- Exercise directions: Word-for-word repetition of the records below is needed, but only from the line holding "Questa forma di" through the final line, with pictures excluded.

Records from a collection:

__________

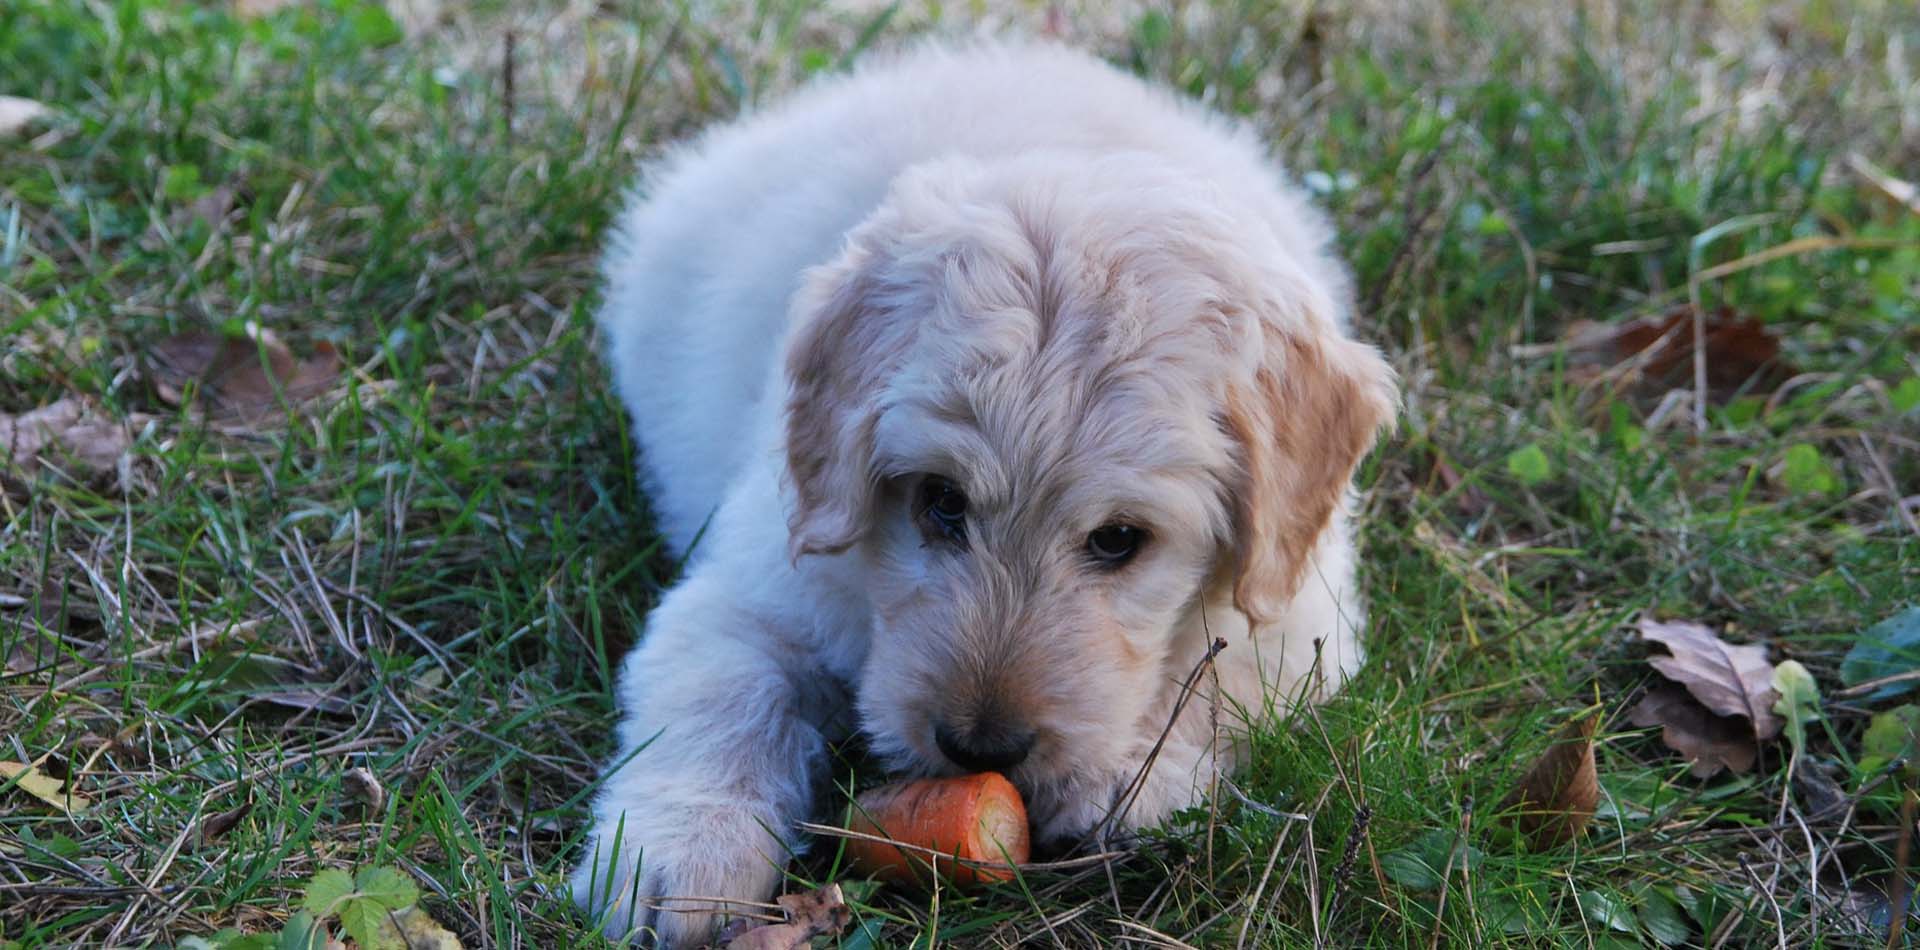 Weisser Hund liegt auf einer Wiese und isst an einer Karotte.
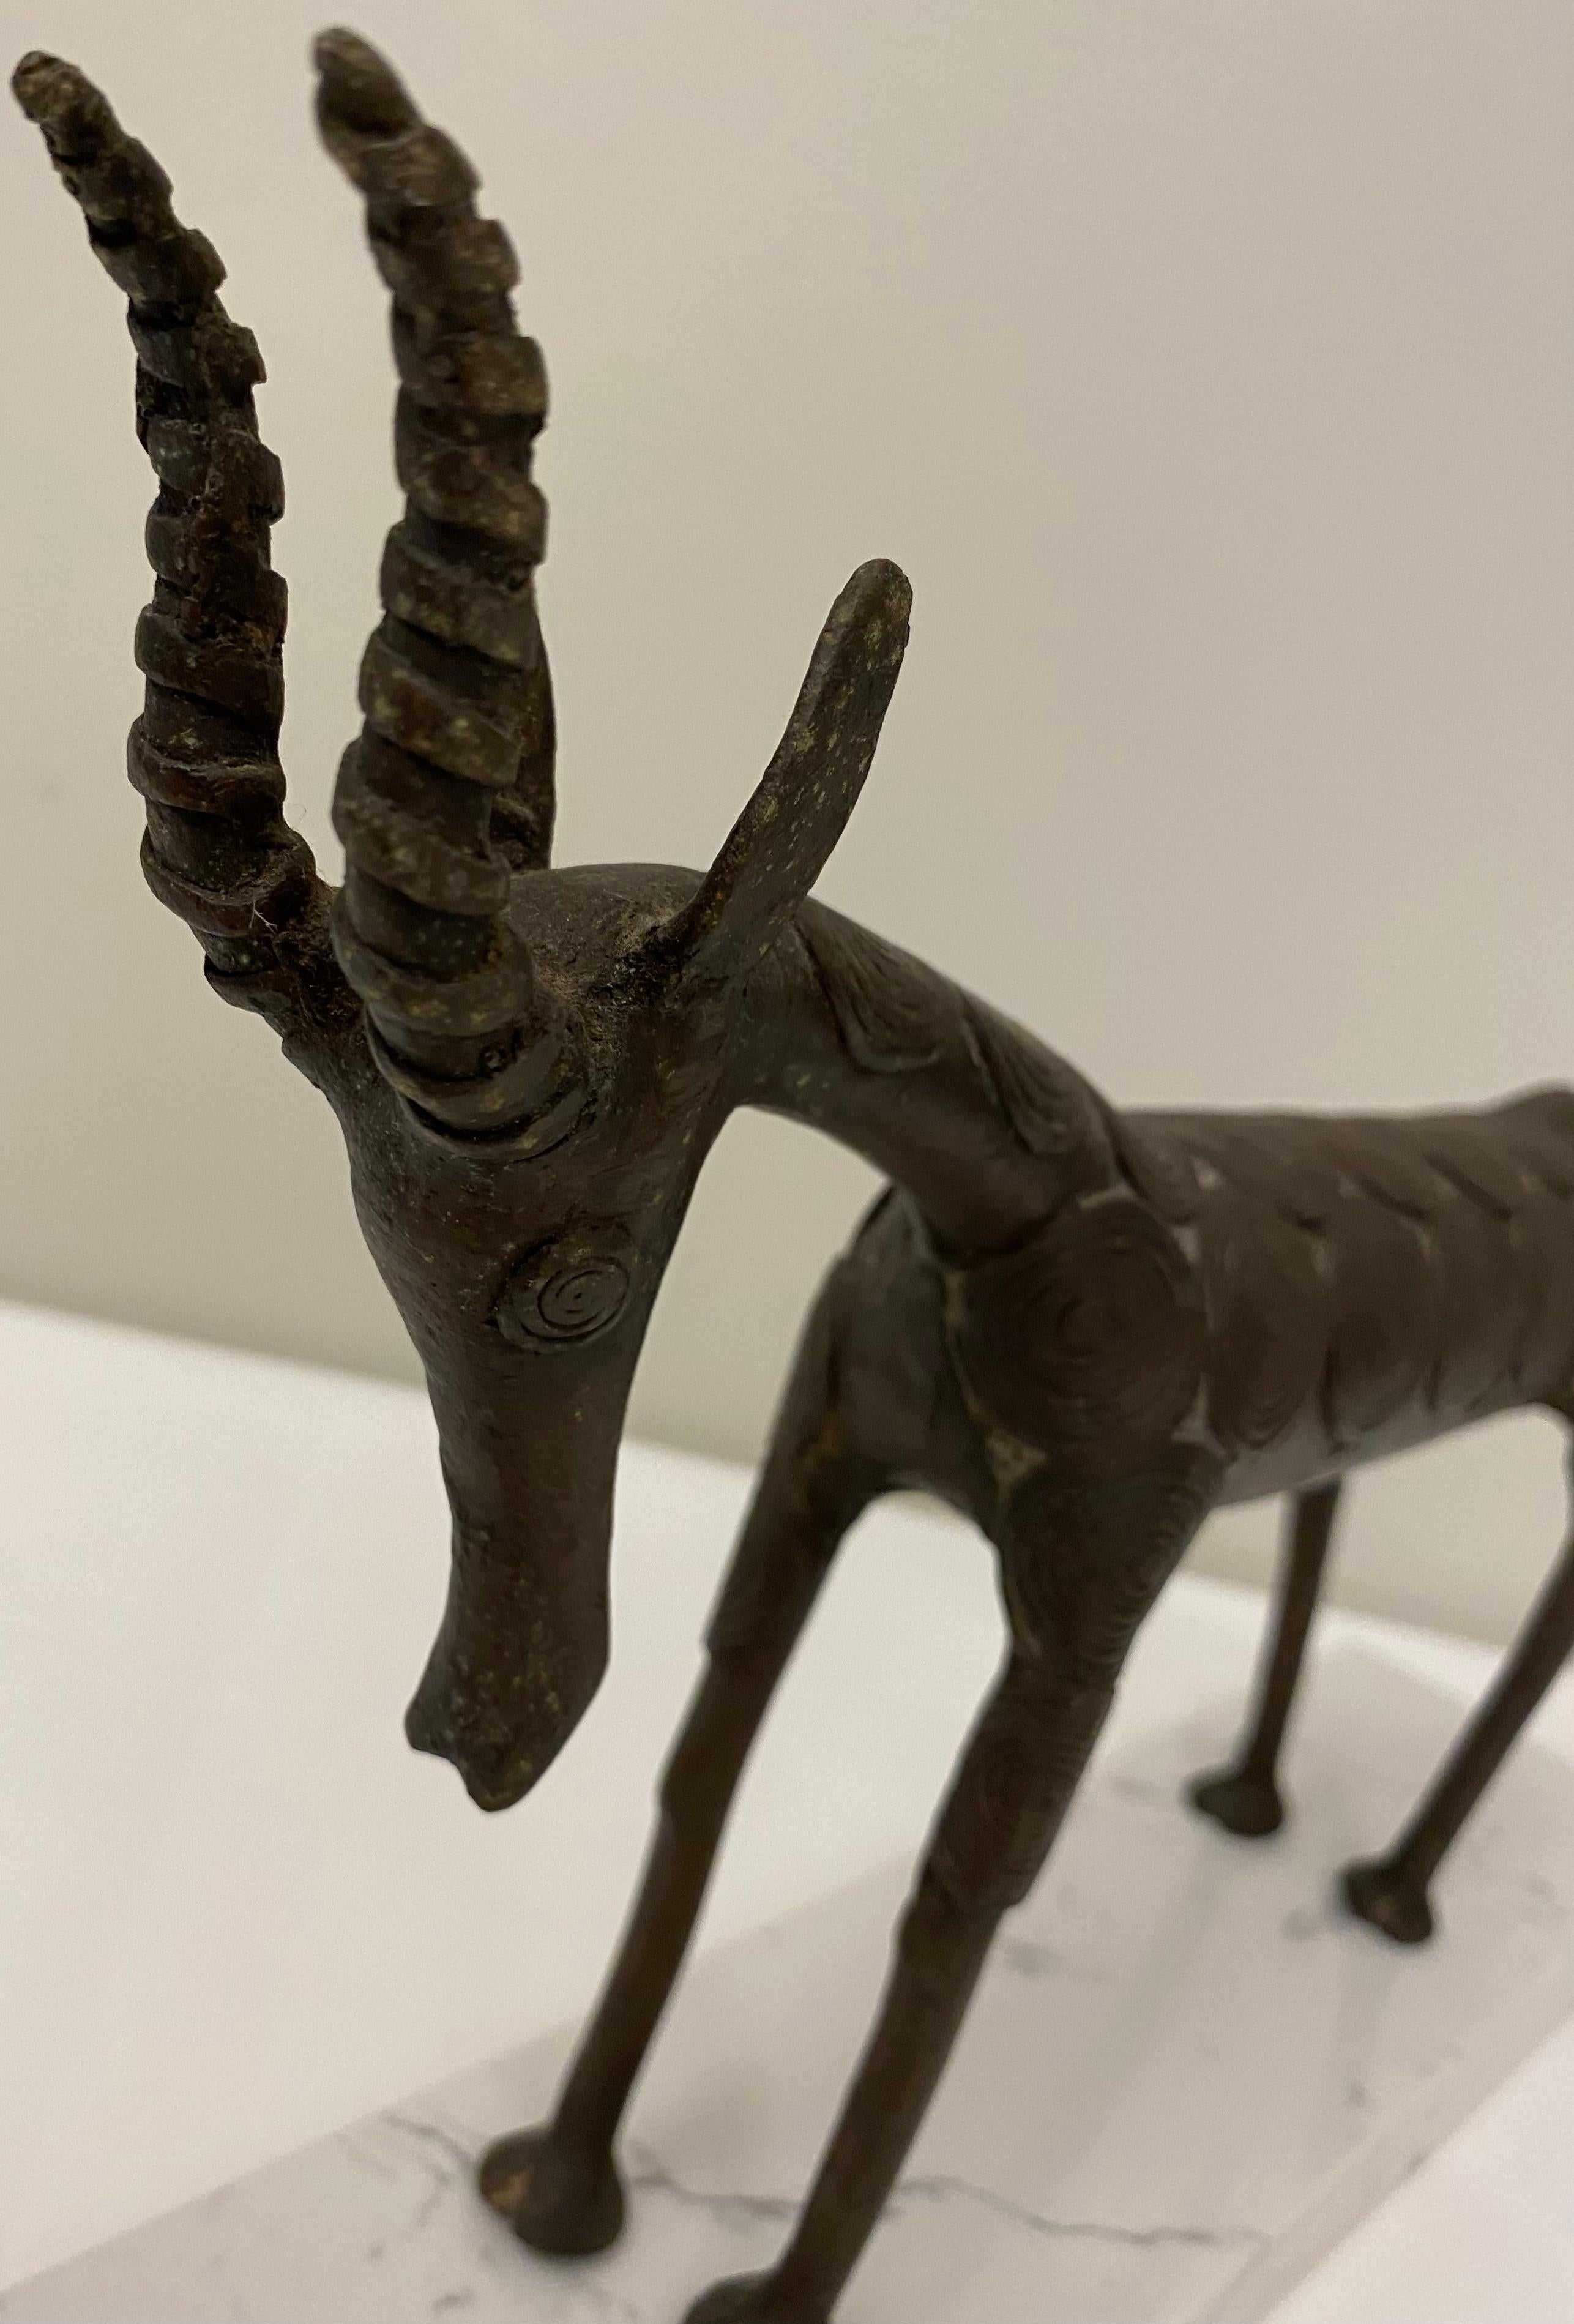 Scultura tribale del Benin, antilope africana lavorata a mano.
Dettagli in bronzo martellato a mano su piccoli pezzi di legno fissati con piccoli chiodi e numerosi intagli. 

Questa forma di oggetto è uno degli esempi più noti dell'arte di Benin,
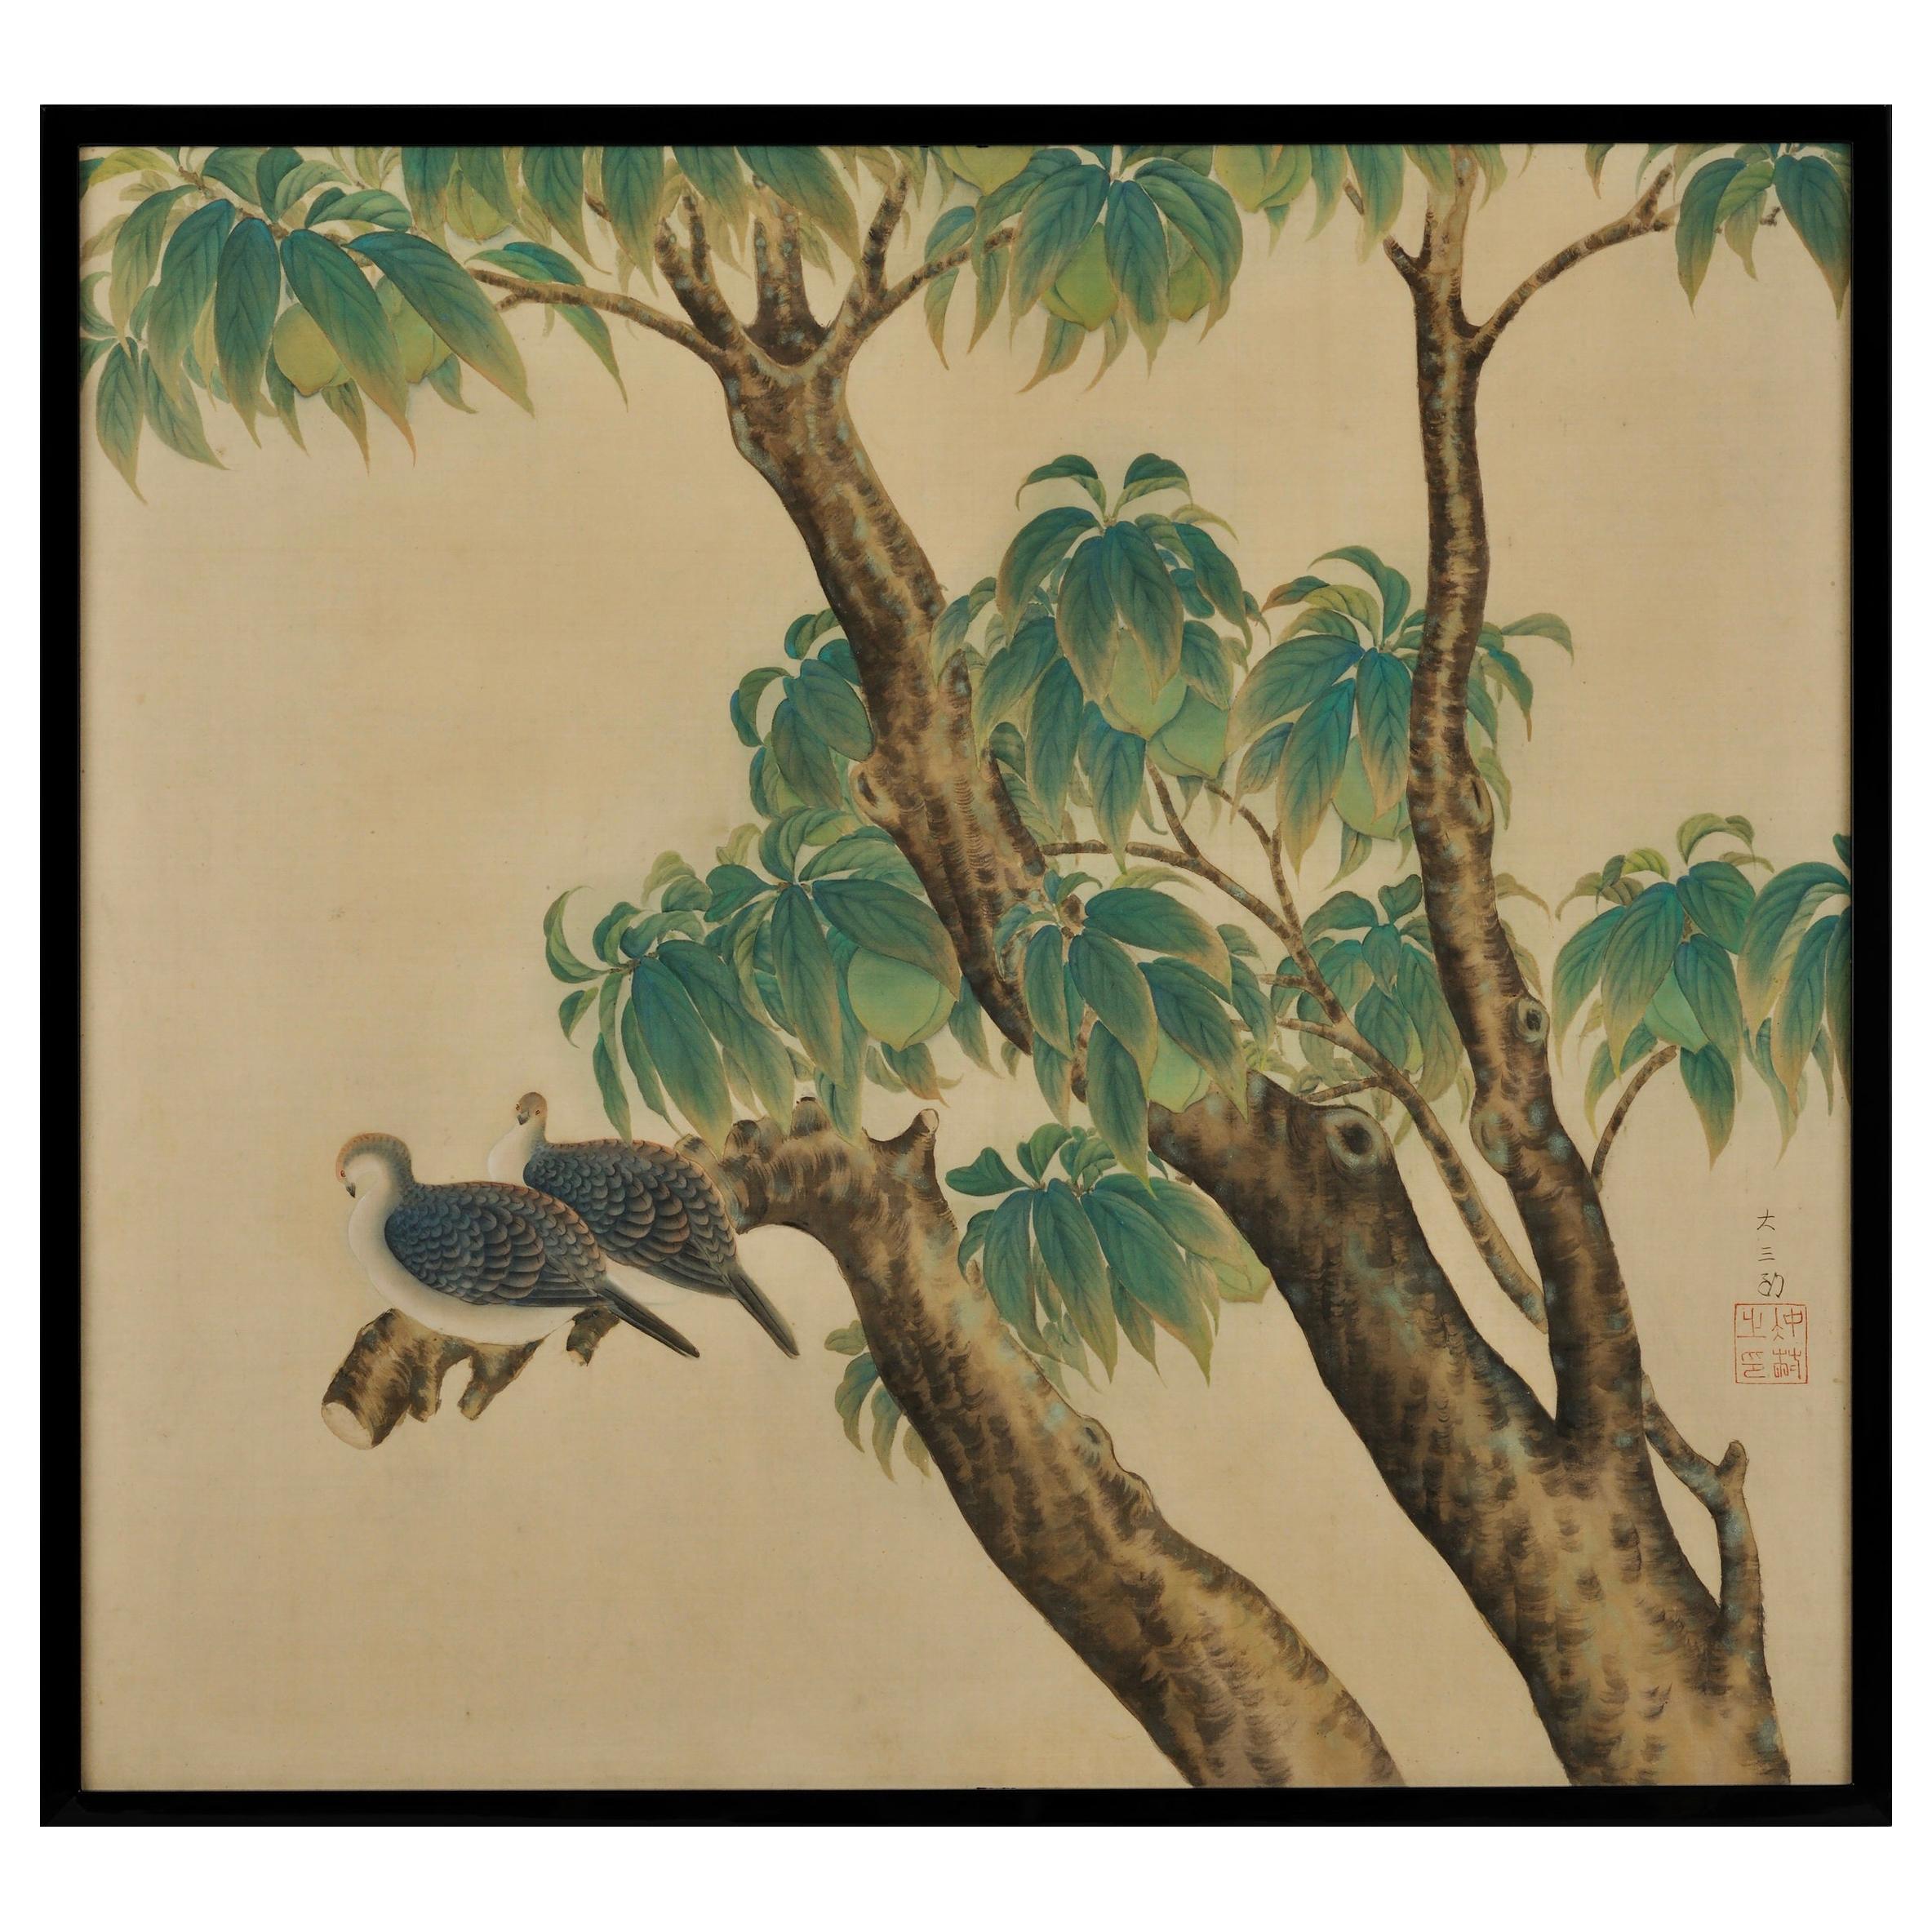 Pintura japonesa sobre seda enmarcada, Tórtolas y melocotones, Época Taisho, hacia 1920

__________

- Result of the task:
Questa forma di oggetto è uno degli esempi più noti dell'arte di Benin,
 Pintura japonesa sobre seda enmarcada, Tórtolas y melocotones, Época Taisho, hacia 1920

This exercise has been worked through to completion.